Less is more does not come solely from the engineering side of things, it only thrives where it aligns with the whole business as a cohesive unit. Whatsapp, Instagram, and Plenty of Fish are consumer mobile apps that demand very little customization compared to the world of B2B that we are in. SAP has thousands of developers - not Techcrunch headline material - yet denying so is to deny the laws of physics.
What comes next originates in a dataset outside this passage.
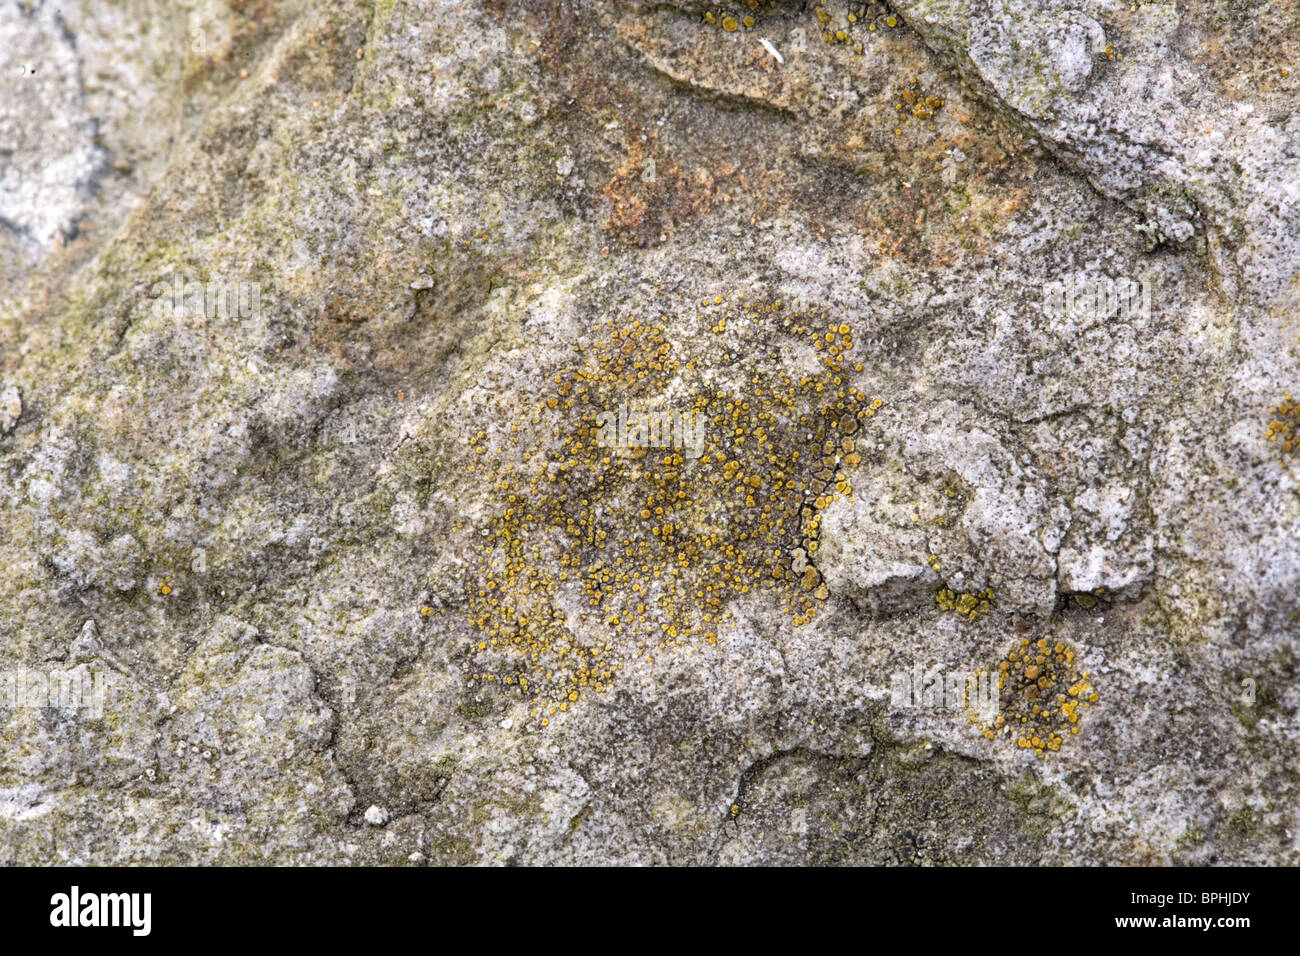 Close up of the lichen Caloplaca holocarpa (yellow) on granite, Streefkerk, Holland Stock Photo

There were some interesting leads that we kept hearing about, but otherwise, Q2 ended on an eerily uneventful note. Little did we know, this was the night before the storm.
Growing pains
Then came Q3 in a way we could not have expected. The traffic that has not slowed down in previous quarters then gained even more momentum. Malls in the US and EU were shutting down and likely remained so over the holiday season due to concerns about spreading the virus (it indeed happened). People turned their compulsive buying online. Good times if your business is centered around tracking and analyzing e-commerce shipments. There was only one little convenience. The data stream flooded through us with all the force of the mighty Mekong before people built all those dams over her.
Having invested in a horizontally-scale application layer, our journey to scalability was a walk in the park. Except for trees, the park had carnivorous ents, pedestrian Nazguls, and birds fell beasts. The squirrels were cool, they probably just had rabies. The walkthrough Mordor taught me about growing pains more than all my teenage years combined.
- Lack of imagination. As much as the growth was welcomed, we did not successfully foresee the full impact of such growth on the system.
- Lack of experience and expertise. When incidents happened, we did not know what to do, not immediately, and not fluently executed. Various types of database lock, Kafka data corruption, and Flink zombie jobs all happened for the first time to all of us.
- Lack of infrastructure investment. The list of tech-debt was ever-growing, and the development of internal tooling came too little and too late.
The aftermath
- We transformed the functional engineering team into cross-functional squads just days before the country entered lockdown.
- We now have a CS team that collectively covers 24 hours of a day and a stronger presence in the EU while the common situation of the industry is to contract inwards.
- Our SLA went from best-attempt to actual tangible values. A move that increased the excitement of the sales team ten folds, the exact amount it decreased from my engineering team. A striking example of conservation of happiness.
- We ended up overshooting the break-even plan 2x.